= COLLECTED MATERIAL =
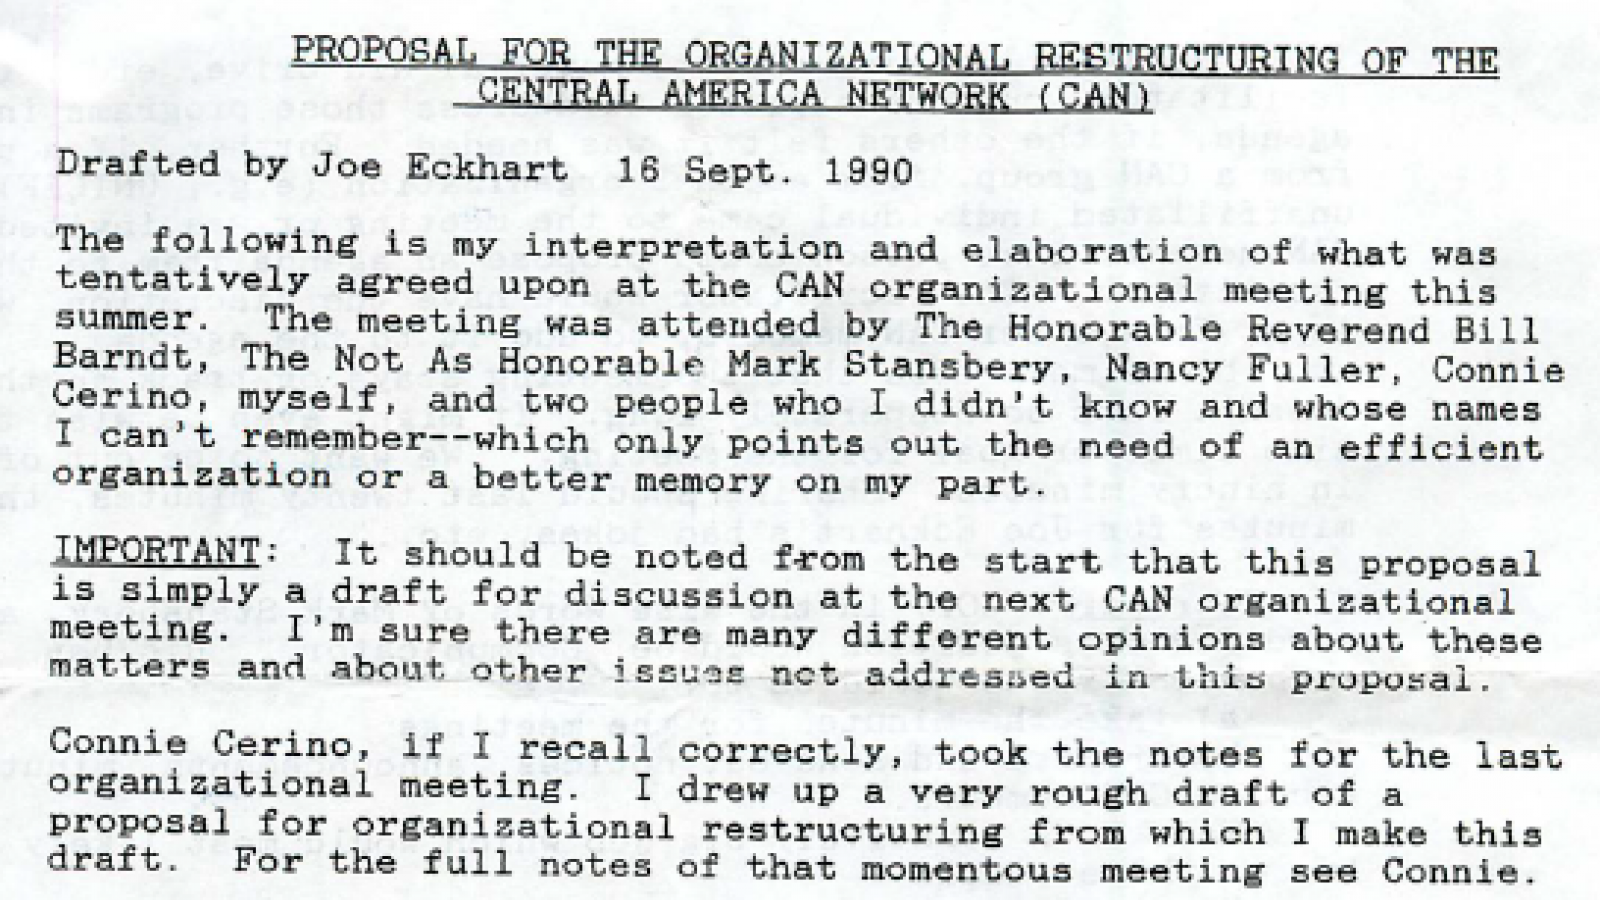 Proposal for Restructuring Central America Network Sept. 16, 1990
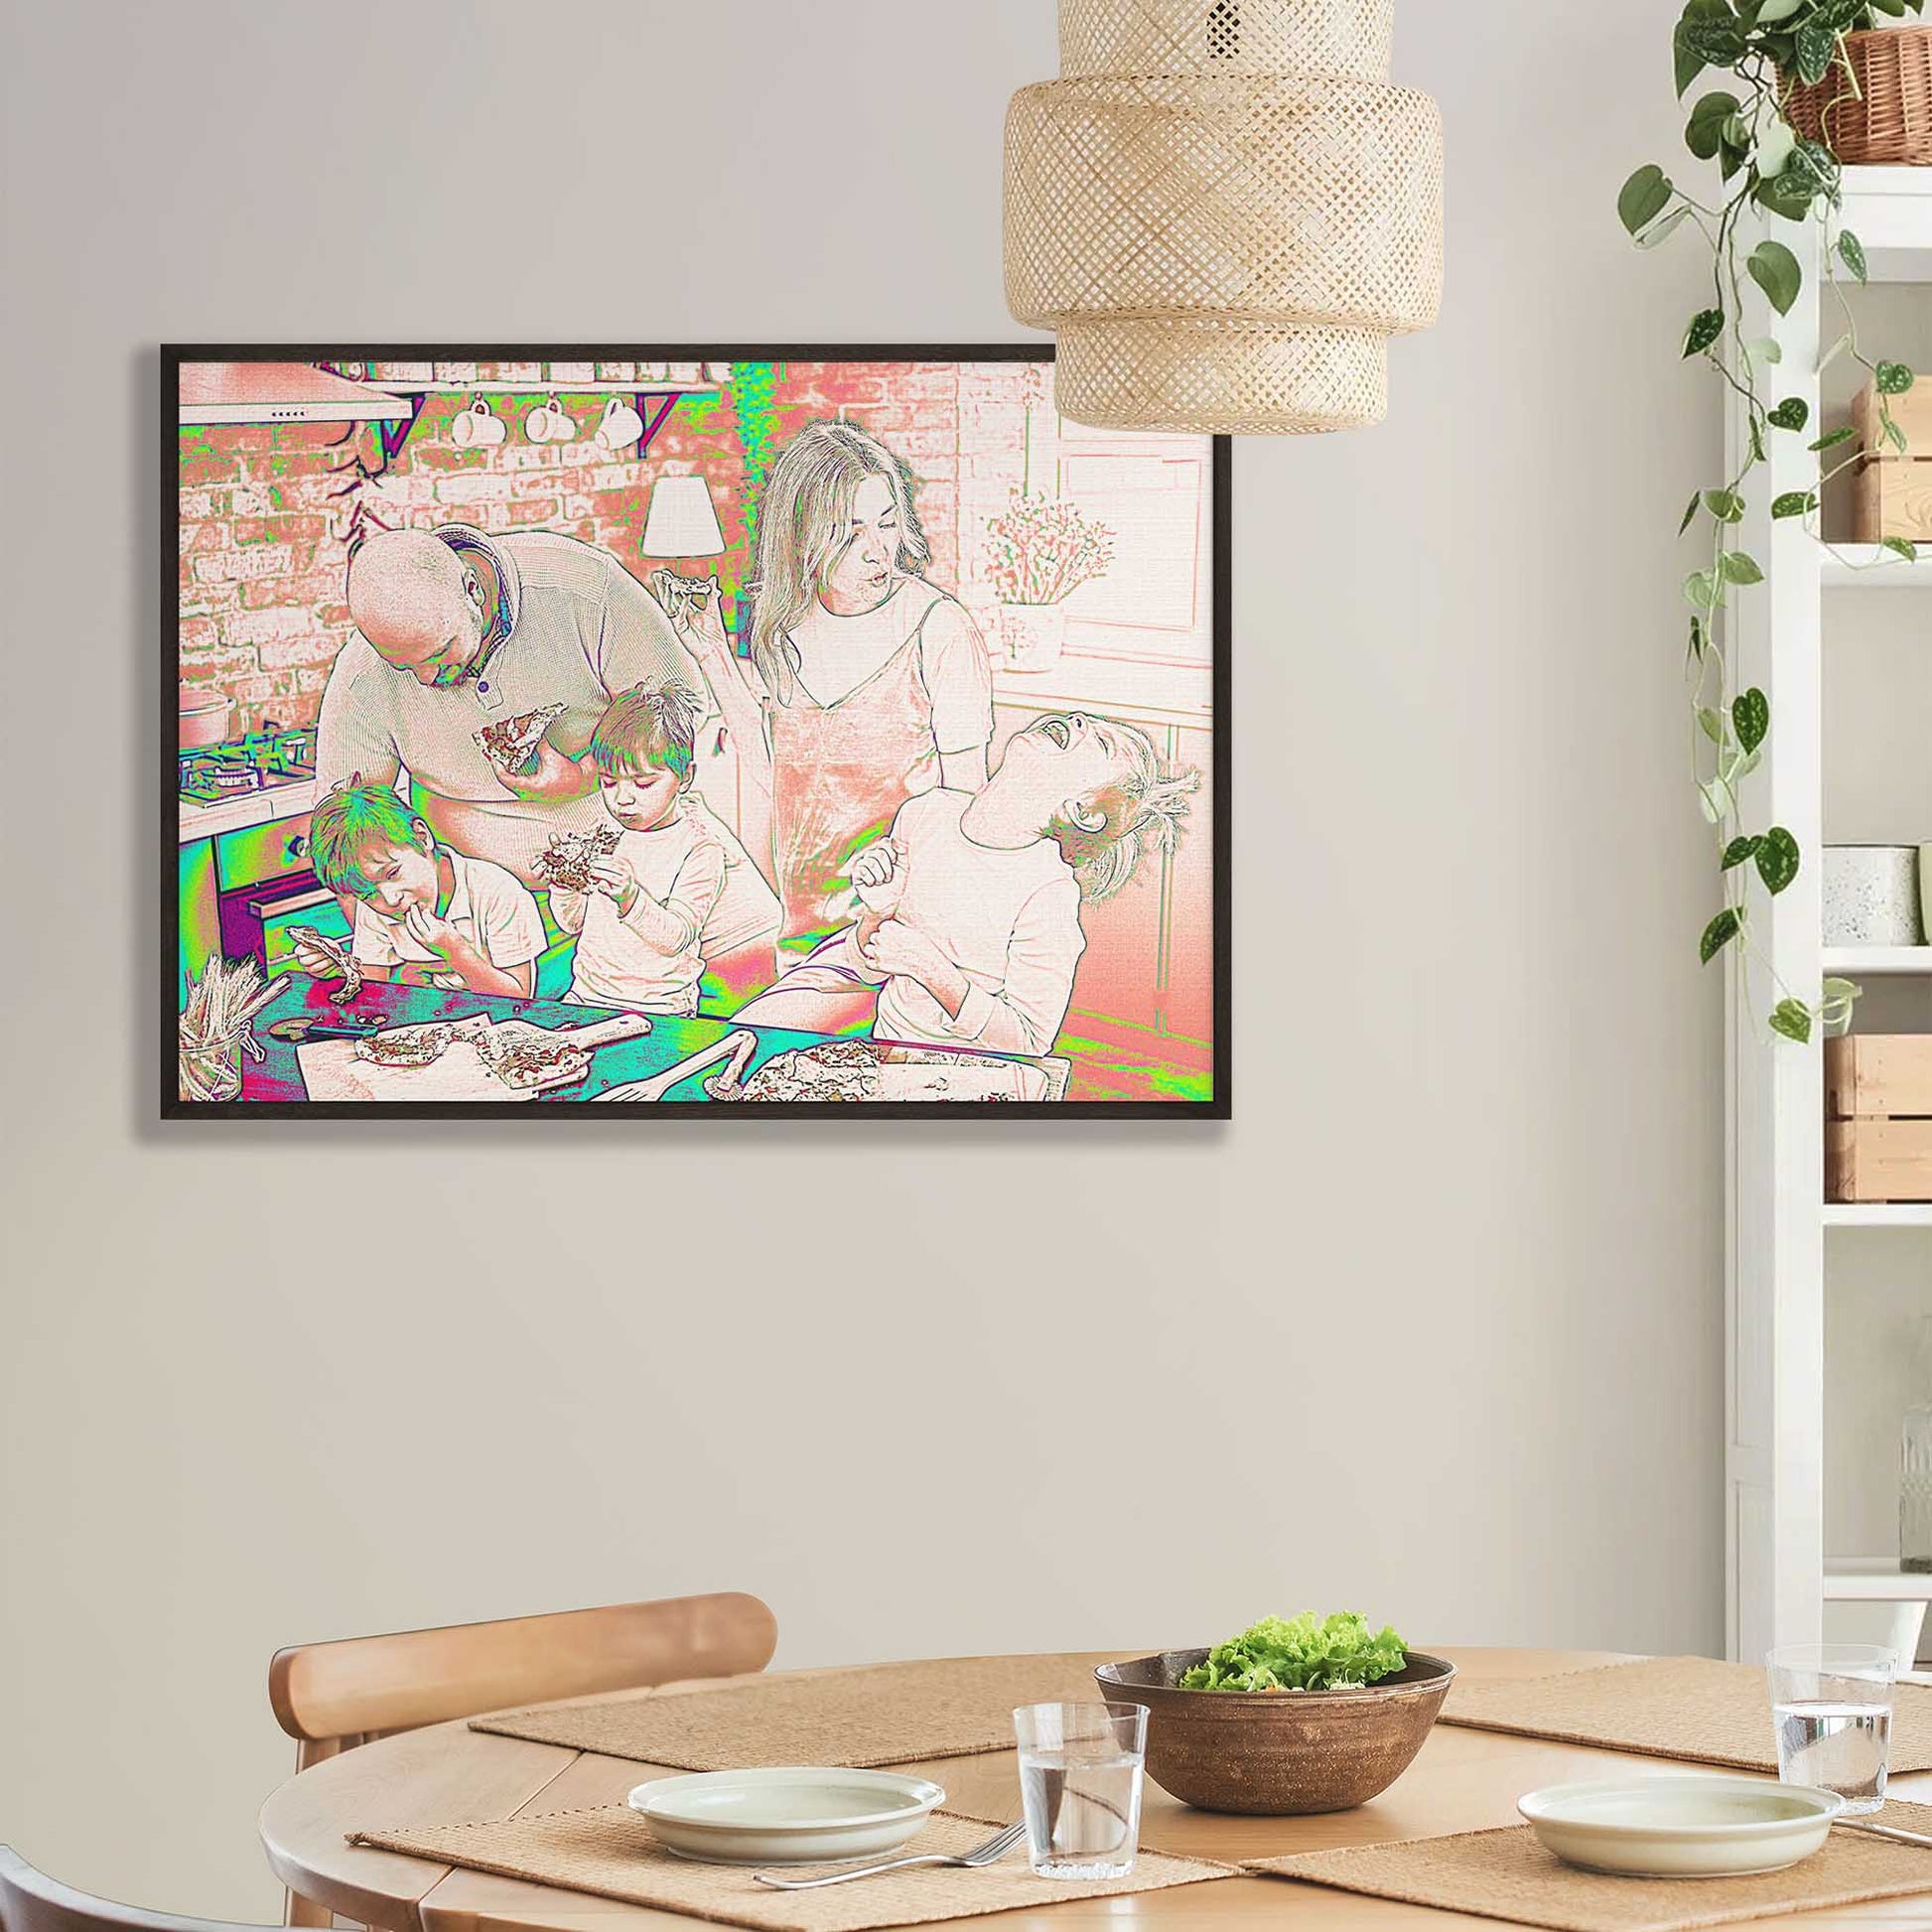 Cheerful Decoration for Your Home: Infuse your space with positivity and cheerfulness with this personalised pencil drawing framed print. Its vibrant colors and sharp lines create a cheerful atmosphere that uplifts the mood
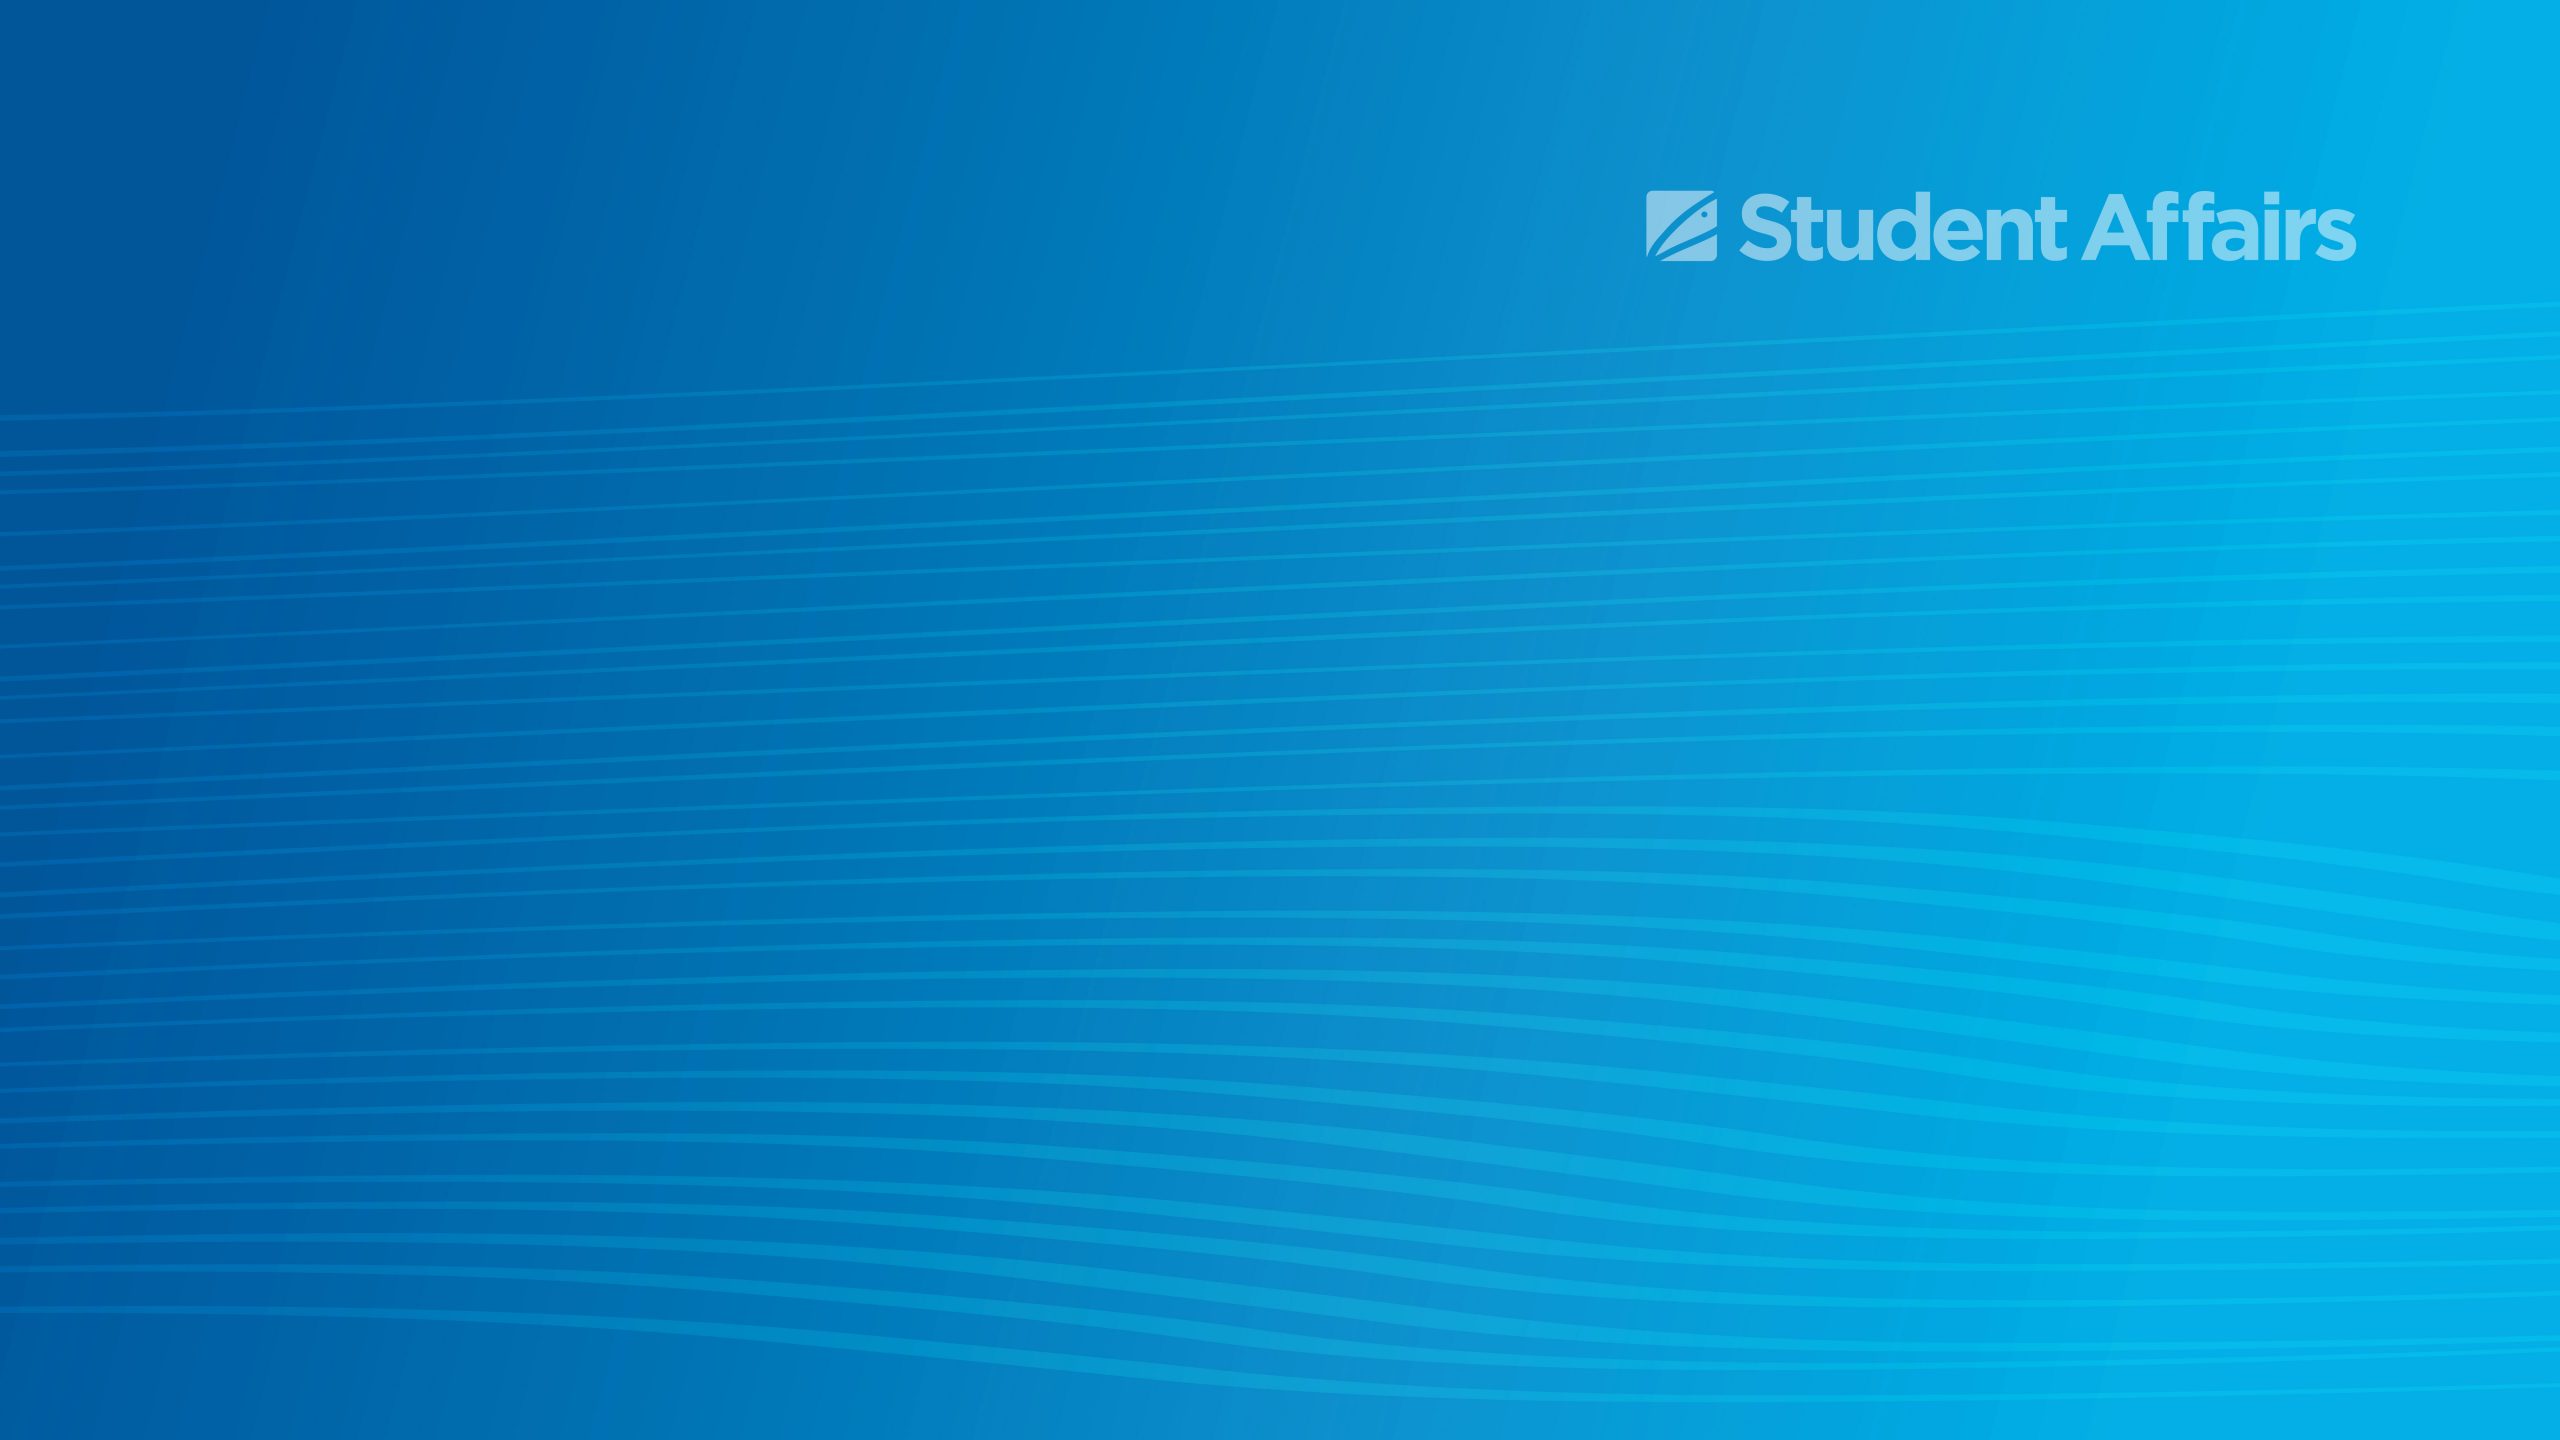 Blue gradient with Student Affairs graphic and light white wavy lines in a pattern throughout background

= EXERCISE DETAILS =
Return the whole of the material above exactly, with no picture carried over.

= TASK RESULT =
 Proposal for Restructuring Central America Network Sept. 16, 1990
 Cheerful Decoration for Your Home: Infuse your space with positivity and cheerfulness with this personalised pencil drawing framed print. Its vibrant colors and sharp lines create a cheerful atmosphere that uplifts the mood
 Blue gradient with Student Affairs graphic and light white wavy lines in a pattern throughout background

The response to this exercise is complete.